> **Given data**:
· · · · ·

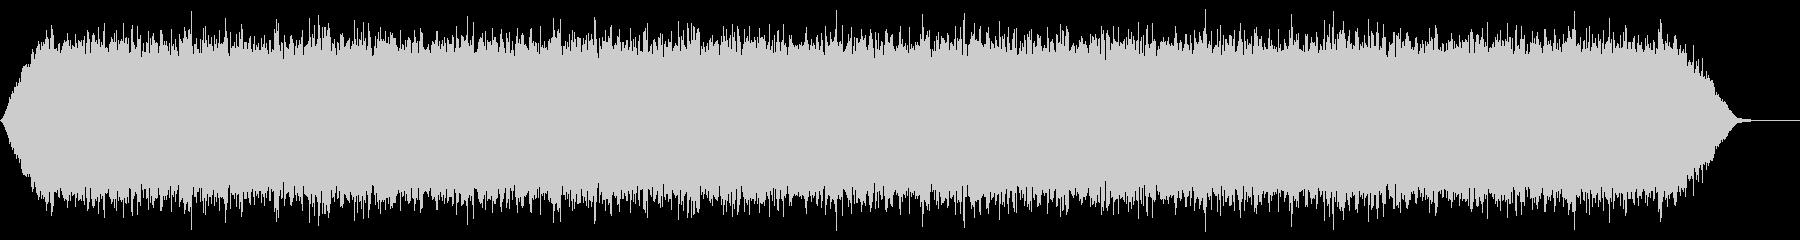 【アンビエント】ドローン_47 実験音の未再生の波形
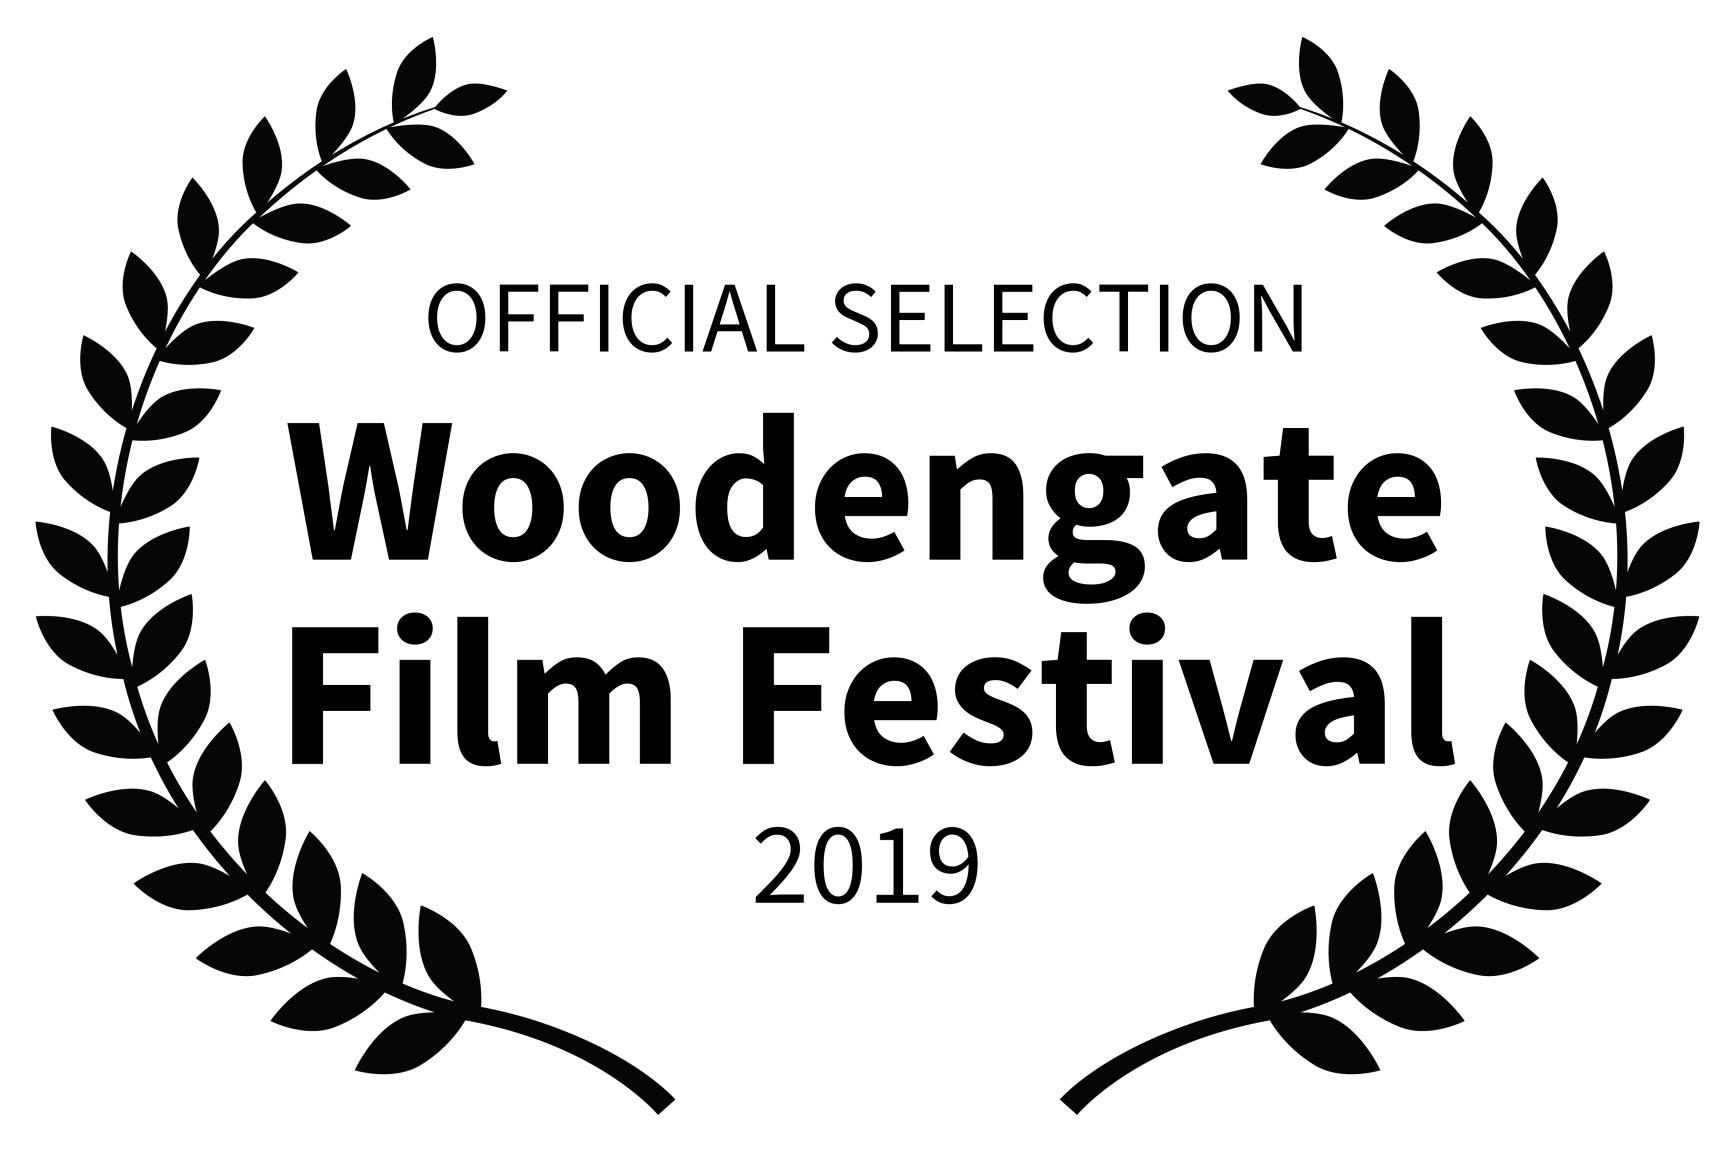 woodengate_film_festival_malsano.jpg
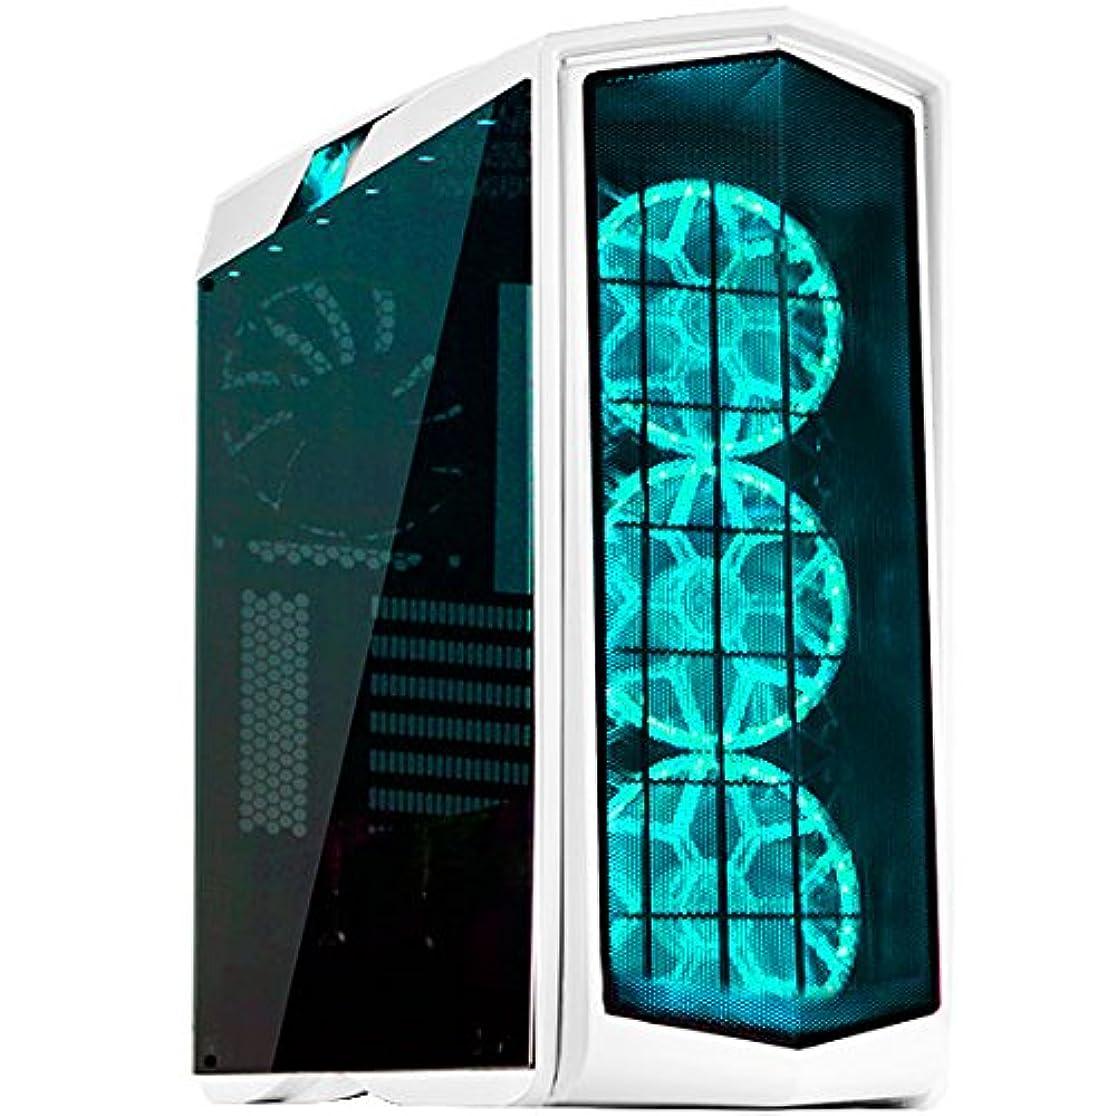 染料電子レンジポイントSilverStone PRIMERAシリーズ 内蔵140mm RGB LEDファンガード付属 SST-PM01W-RGB(ホワイトボディー、RGB LED +強化ガラス製ウィンドウ)
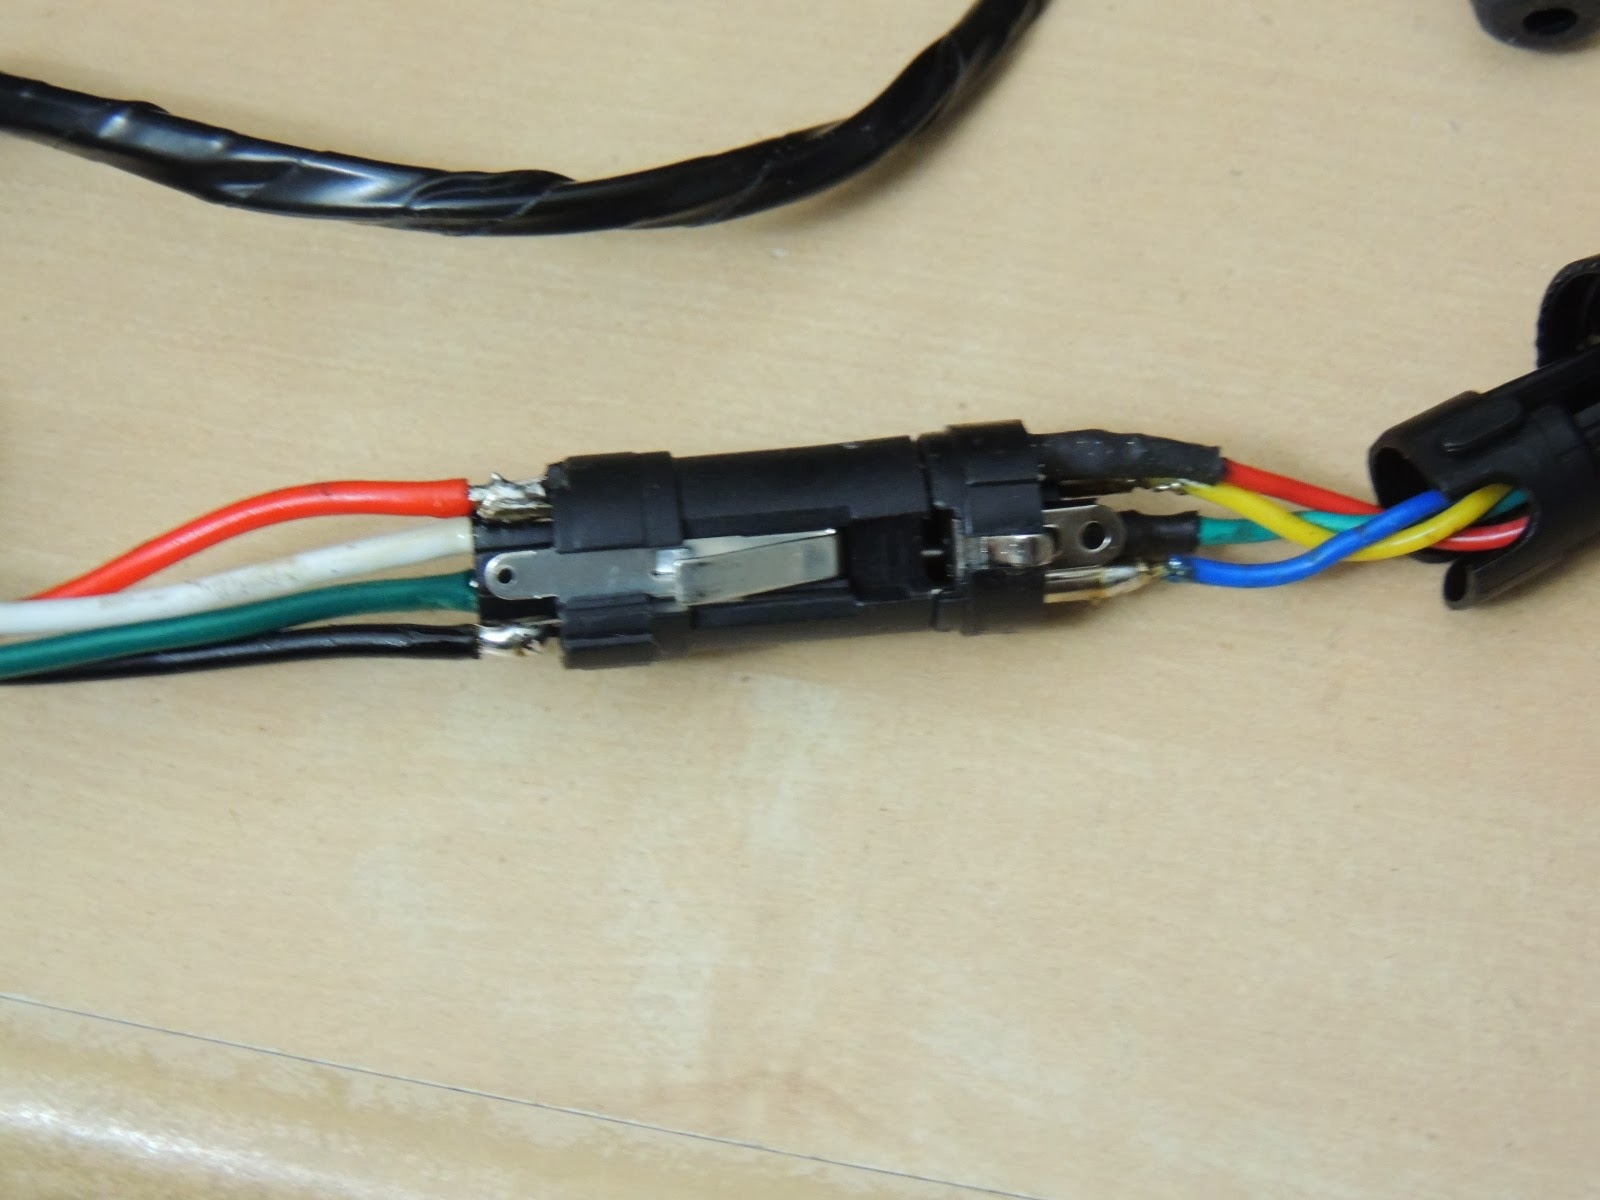 Tech Stuff: CNC 4 - Wiring

· · · · ·

> **Your instructions**: The listing above must be repeated exactly, apart from the pictures.

> **Task solution**:
 【アンビエント】ドローン_47 実験音の未再生の波形
 woodengate_film_festival_malsano.jpg
 染料電子レンジポイントSilverStone PRIMERAシリーズ 内蔵140mm RGB LEDファンガード付属 SST-PM01W-RGB(ホワイトボディー、RGB LED +強化ガラス製ウィンドウ)
 Tech Stuff: CNC 4 - Wiring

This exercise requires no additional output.